В 1965-м на сцене одного из московских театров шел «Вид с моста», и мы, конечно, не могли не посмотреть спектакль. Вместительный зал был набит битком. После спектакля мне устроили десятиминутную овацию. Однако это не помешало заметить несколько несуразностей в самом спектакле.
Я не знал русского языка, но почувствовал, что в первой сцене текст изменен. Переводчик согласился со мной. В «Виде с моста» Эдди Карбоне, стремясь избавиться от молодого человека, вскружившего голову его племяннице Катрин, к которой он сам неравнодушен, отдает двух нелегально живущих у него родственников в руки властям. Воспитывая ее как дочь, он не может осознать своего чувства. Ситуация постепенно проясняется. В постановке же Эдди при первом появлении молодой девушки, проходившей мимо него, признается, не скрывая чувственного влечения, своей жене Беатрис: «Я люблю ее». Это приблизительно то же, как если бы Эдип обернулся к Иокасте в начале пьесы и произнес: «Нет ничего хорошего, что я женюсь на тебе, мама…»

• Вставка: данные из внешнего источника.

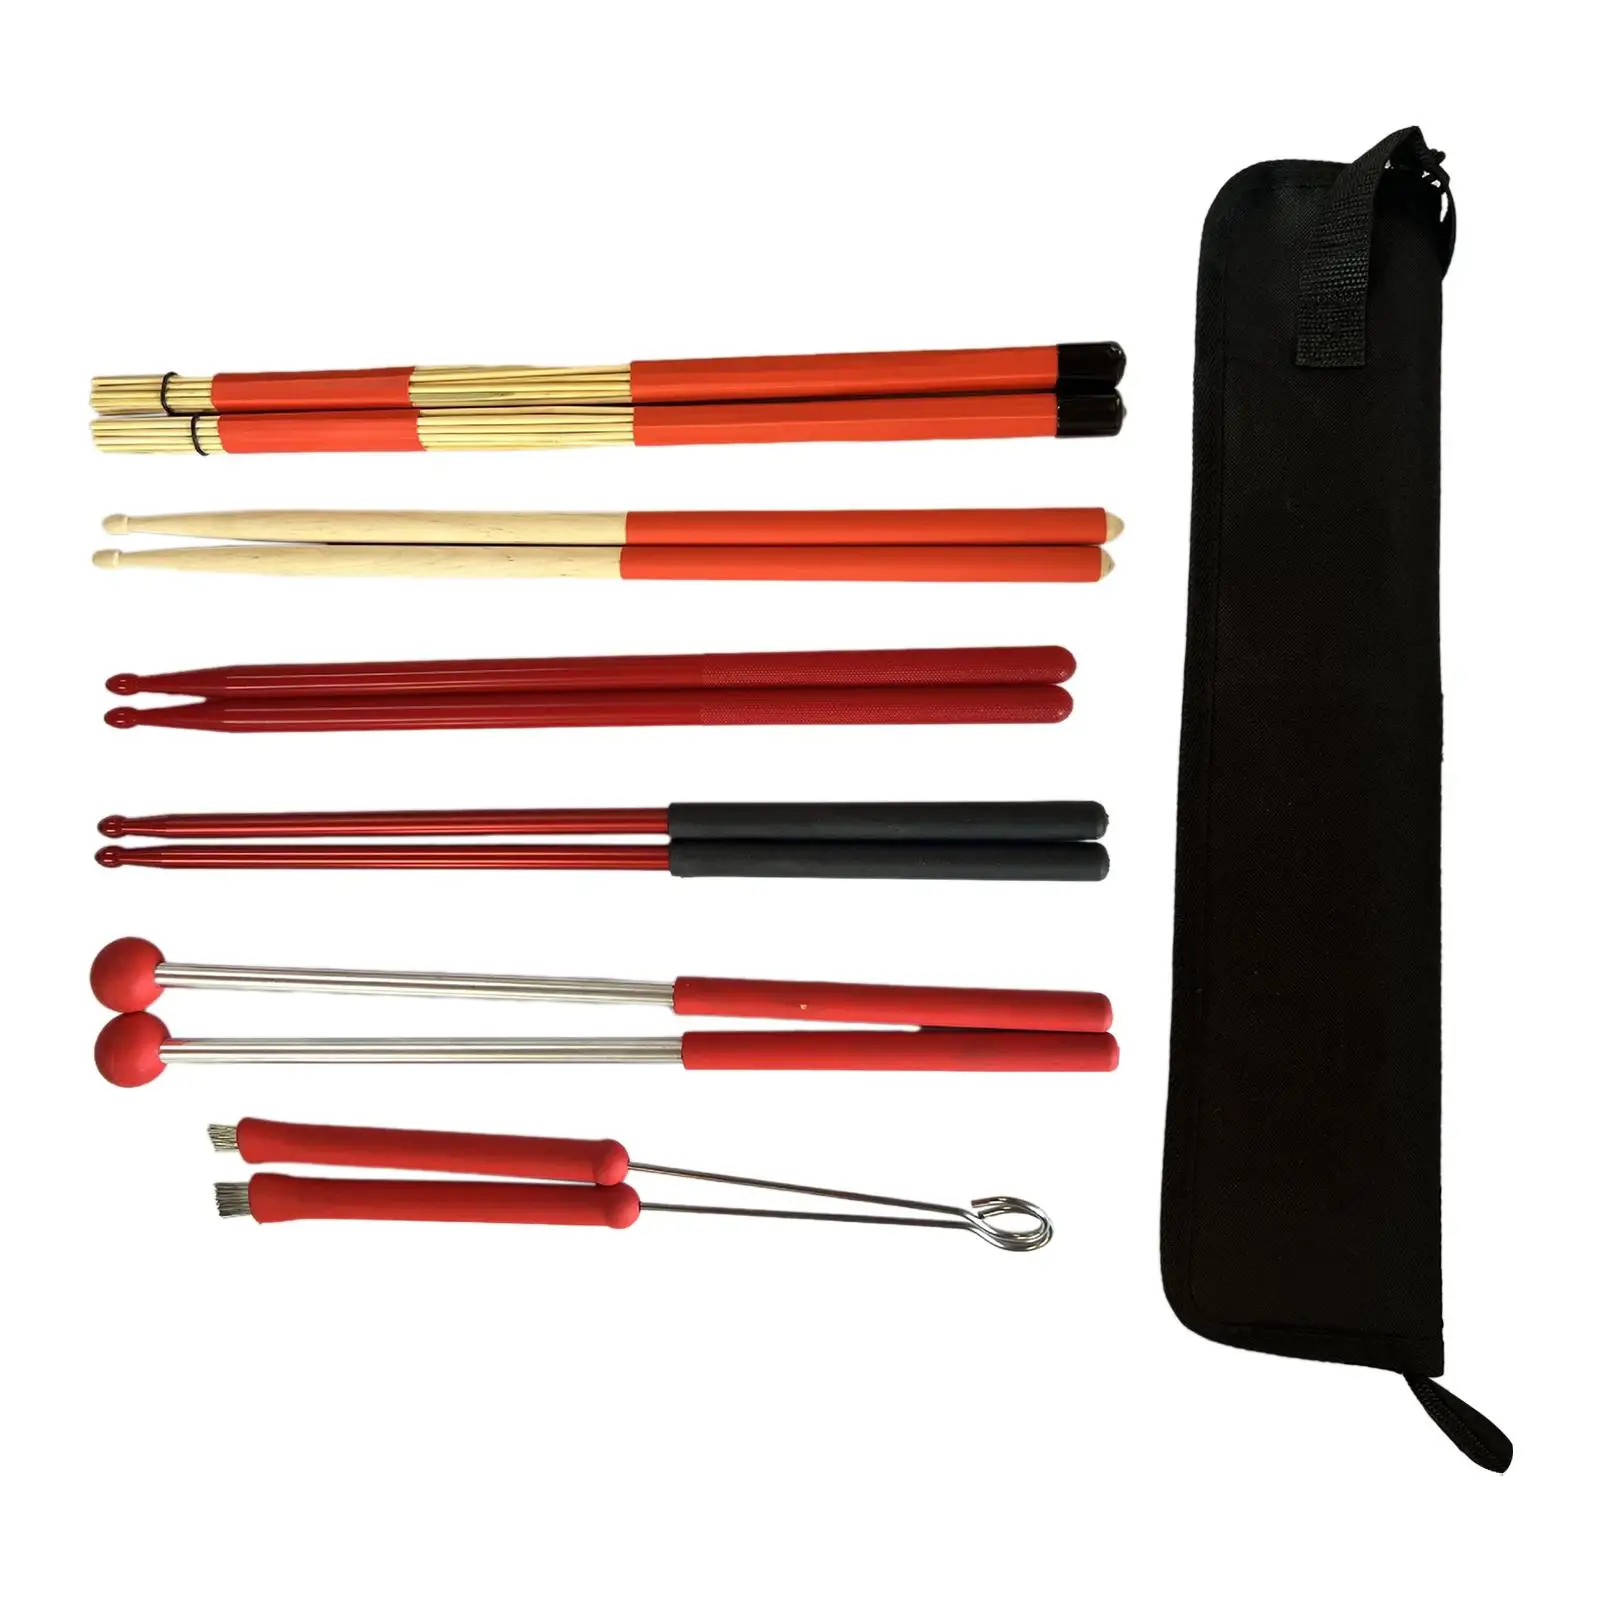 Drumsticks Set Wood Drum Sticks with Portable Storage Bag Retractable Drum Wire Brushes for Beginner Drummer Playing Practice

После спектакля я посетовал на неточную интерпретацию Олегу Ефремову, главному режиссеру театра «Современник», который позже возглавил Московский Художественный театр. Меня не столько поразил его ответ, когда, пытаясь оправдать изменения в тексте, он сказал: «Нас не интересует вся эта п-с-и-х-о-л-о-г-и-я», сколько прозвучавшее в словах пренебрежение к праву драматурга на собственное произведение. Нельзя сказать, что с подобным высокомерием я не встречался в других местах, в том числе в Нью-Йорке, однако его слова вместе с утонченным низкопоклонством, окружавшим меня, воспринимались как насмешка и оставили неприятный осадок, как будто то, что давалось одной рукой, надо было отнять другой.
Позднее я узнал, что в Советском Союзе была широко распространена практика хвалить таких писателей, как Твен и Хемингуэй, при переводе которых вымарывались политические или «морально» неблагонадежные куски, а вместо них вставлялись фразы с критикой в адрес американской действительности. Приятно было узнать, что в Советском Союзе идет «Смерть коммивояжера», но радость омрачалась тем, что текст пьесы оказался сильно изменен. Вилли так окарикатурен, что стал законченным идиотом, текст Чарли переписан, и он выглядел шутом — ведь бизнесмен не мог быть альтруистом, способным на искренние порывы.